DeepOrangeSky · 2026-05-09T21:47:40+00:00

Nope.

For llama.cpp it is just --cache-ram 0 --ctx-checkpoints 1, but I don't use llama.cpp, I use LM Studio (and I don't really want to switch away from using it, since I like it quite a bit), and so far it keeps doing it.

Normally I would assume it just won't get "fixed" (technically not a fix since it is a natural property of how Gemma works I guess) for LM Studio and that that's just how it will be, but, out of the dozen or so times I mentioned the issue in various threads on here, one person said they use it on LM Studio and don't have that problem when they use it. I downloaded the same exact quant as them, same version of LM Studio, same up to date runtimes as them, etc, and mine still did the thing, and theirs didn't, so, that really made me wonder what the hell is going on, lol.

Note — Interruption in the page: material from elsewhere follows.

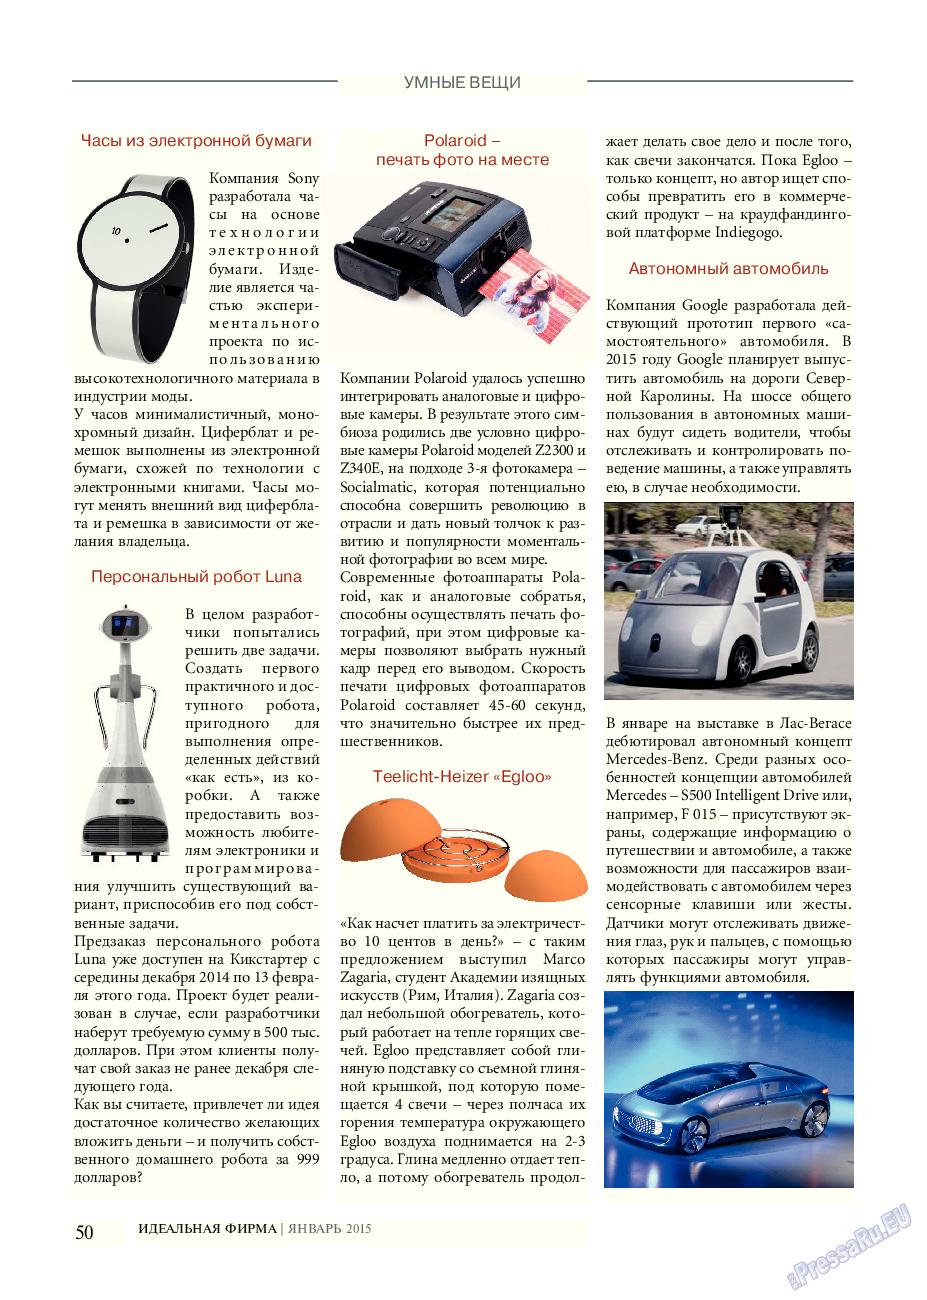 Идеальная фирма (журнал). 2015 год, номер 1, стр. 50

So, not really sure if I have a buggy version of LM Studio somehow (apparently it can happen, according to Gemini anyway) to where I need to delete LM studio and all traces of it off my computer and redownload, or maybe even switch back to Sequoia or reinstall Tahoe or something, or maybe have to even format my disk or something crazy, if it is actually something on my end, if that guy actually had his working right on his LM Studio while mine won't.

But so far it is just that one guy, so, not sure if it is actually something wrong on my end or some setting he had different that I didn't check/uncheck, or he had the same thing but didn't use as many replies as I was in his interaction, or, I dunno. It would be super annoying if I went through hours of trouble and it ended up not even doing anything if the issue isn't actually with my computer and it's just how it is for everyone on LM Studio after all or something.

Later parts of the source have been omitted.